Не знаю, что разбудило ребенка — мое присутствие или шаги за дверью, но она закричала. Ее крик был похож на резкий крик животного. Звук вошел в меня, как скальпель в тело под наркозом.

— Малышка проснулась, — объяснила мадам Драве.

Она шла к комнате. Кто-то следовал за ней.

Я бросился за узкую занавеску кроватки, которая не могла закрыть меня. Снова я испытывал судьбу.

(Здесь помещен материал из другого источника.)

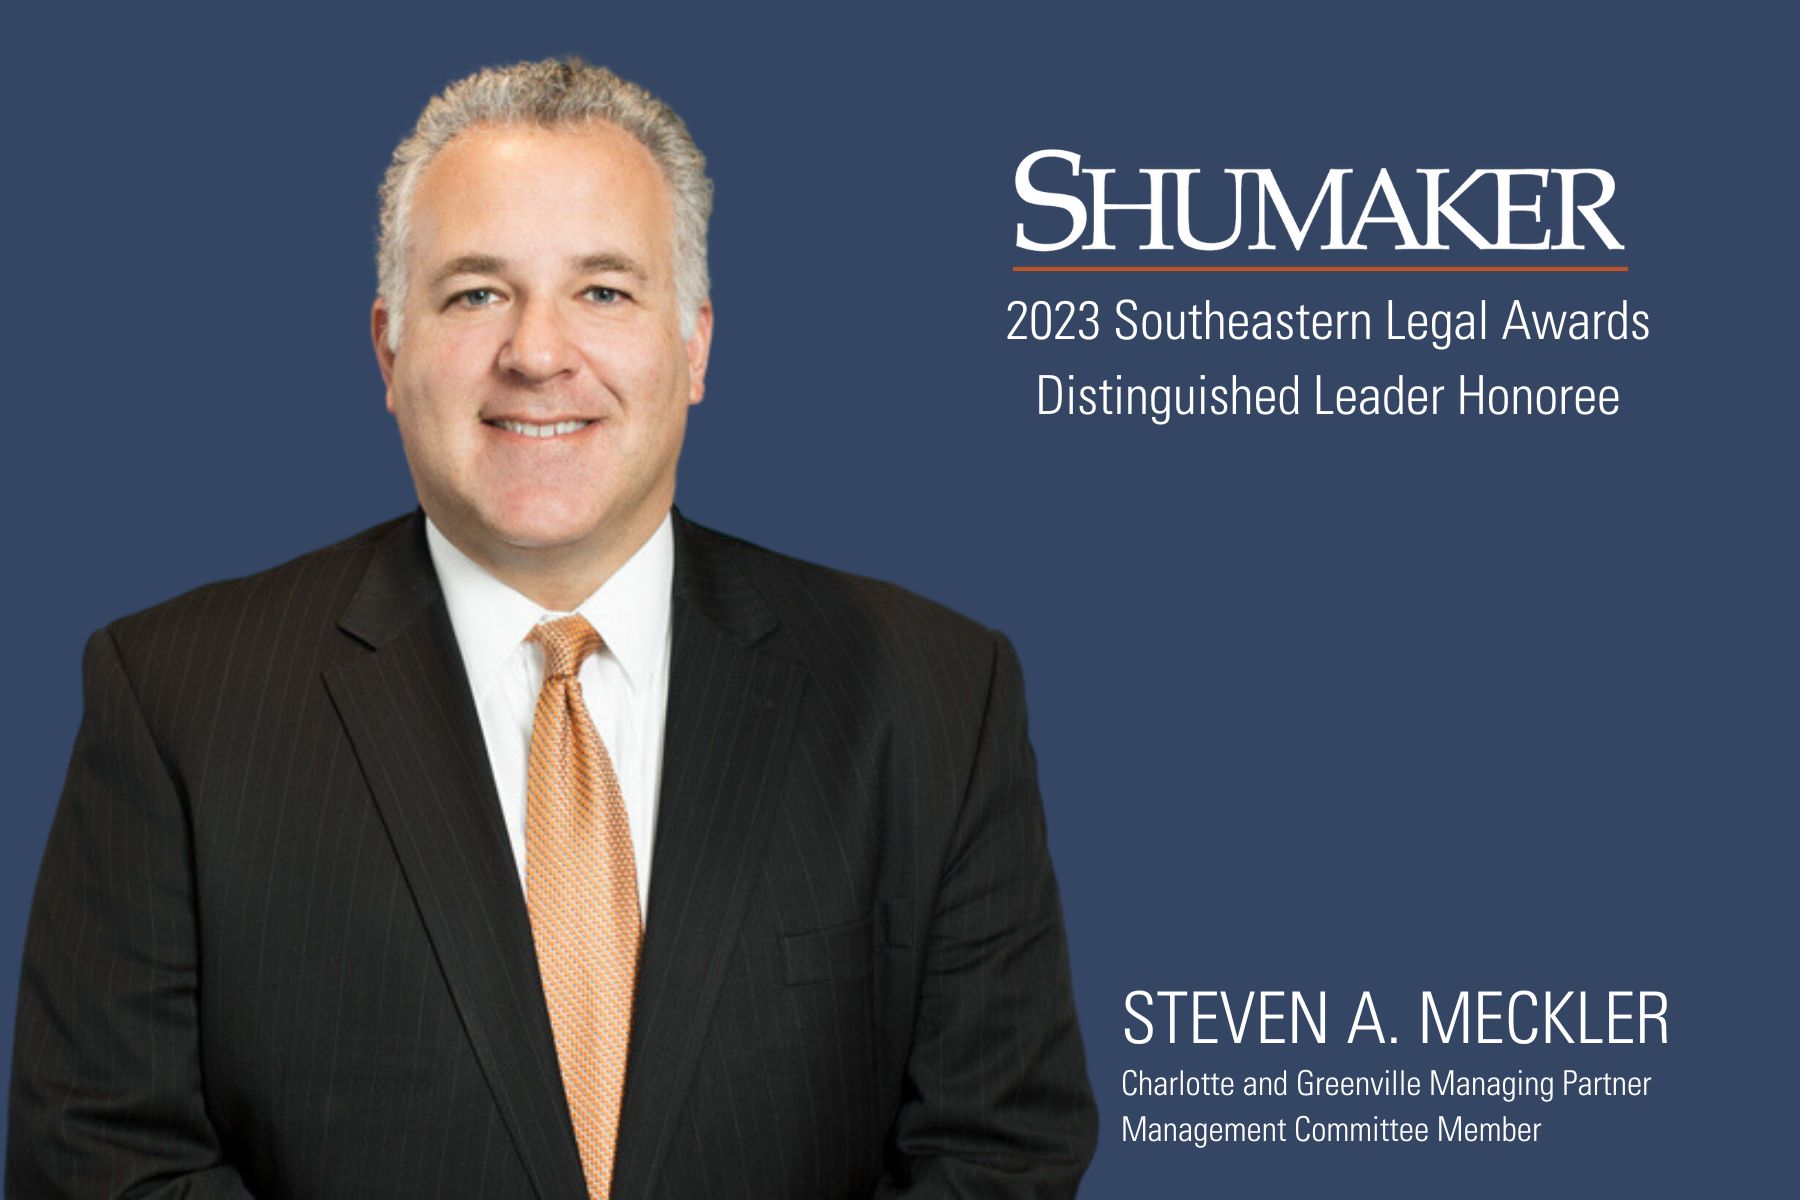 Steven A. Meckler Recognized as Honoree for the 2023 Southeastern Legal Awards
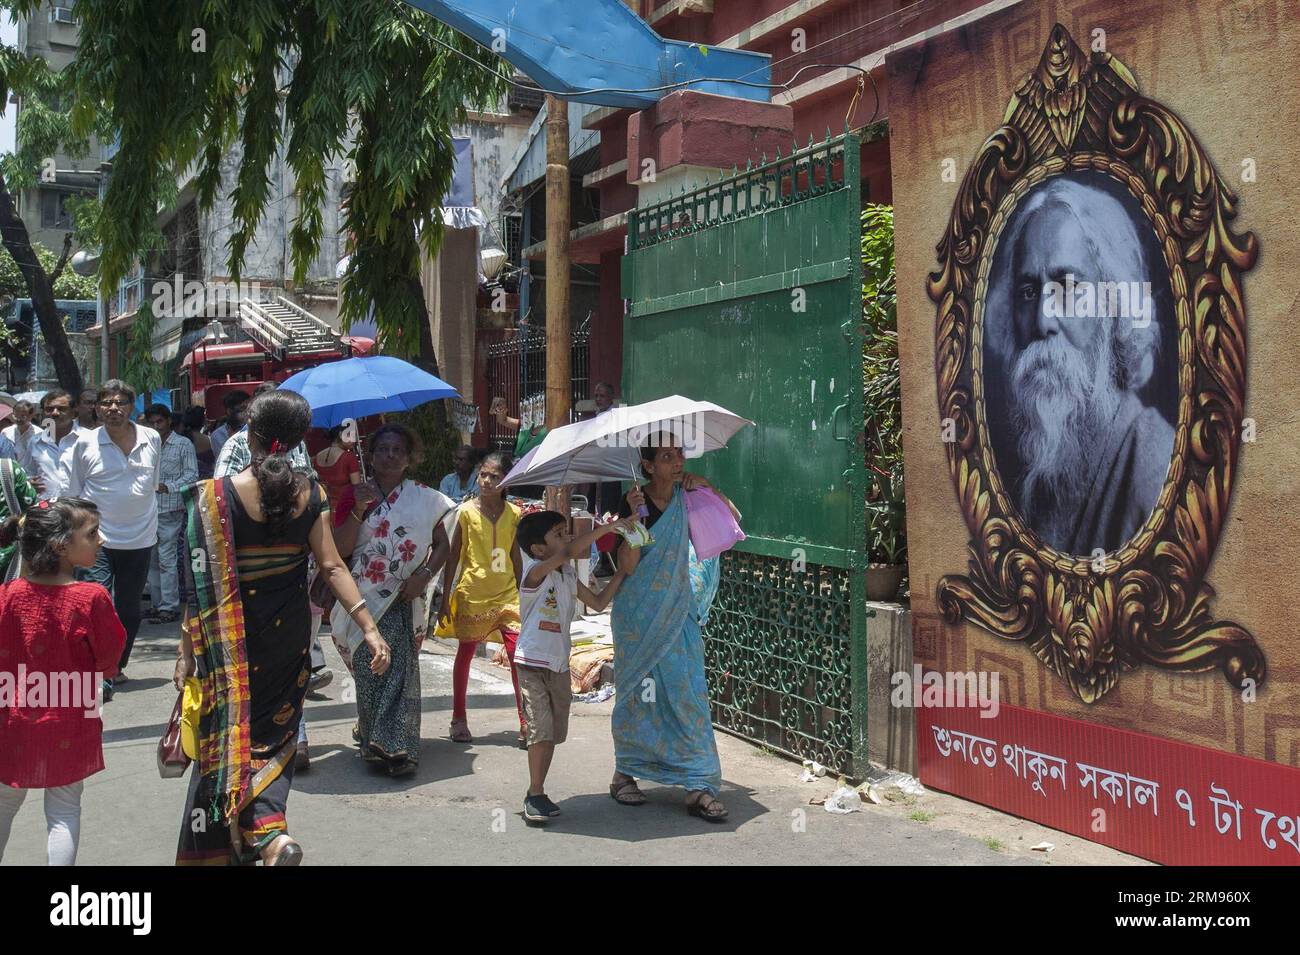 (140509) -- CALCUTTA, May 9, 2014 (Xinhua) -- Visitors pass a photo of Rabindranath Tagore as they enter the Nobel laureate s house during a celebration of Tagore s birth anniversary in Calcutta, east of India on May 9, 2014. (Xinhua Photo/Tumpa Mondal) (lmz) INDIA-TAGORE-ANNIVERSARY PUBLICATIONxNOTxINxCHN   Calcutta May 9 2014 XINHUA Visitors Passport a Photo of Rabindranath Tagore As They Enter The Nobel Laureate S House during a Celebration of Tagore S Birth Anniversary in Calcutta East of India ON May 9 2014 XINHUA Photo Tumpa Mondal  India Tagore Anniversary PUBLICATIONxNOTxINxCHN Stock Photo

Дверь открылась. Женщина вошла. Мужчина остался стоять на пороге, и это спасло меня. Мадам Драве увидела меня, и я еще раз убедился, что она умеет владеть собой. Она даже не вздрогнула, взяла на руки ребенка и вынесла из комнаты, стараясь закрыть меня от незнакомца.

Я остался один в маленькой комнатке, и утенок Дональд смеялся надо мной. Я был один со своей желто-голубой велюровой птичкой, которая продолжала раскачиваться в серебряной клетке.

11. НАХОДКА

Когда они ушли, я совсем потерял чувство времени, как ночью в кабине грузовика. Мадам Драве опять нашла выход. Она стала напевать, чтобы не привлекать внимание ребенка.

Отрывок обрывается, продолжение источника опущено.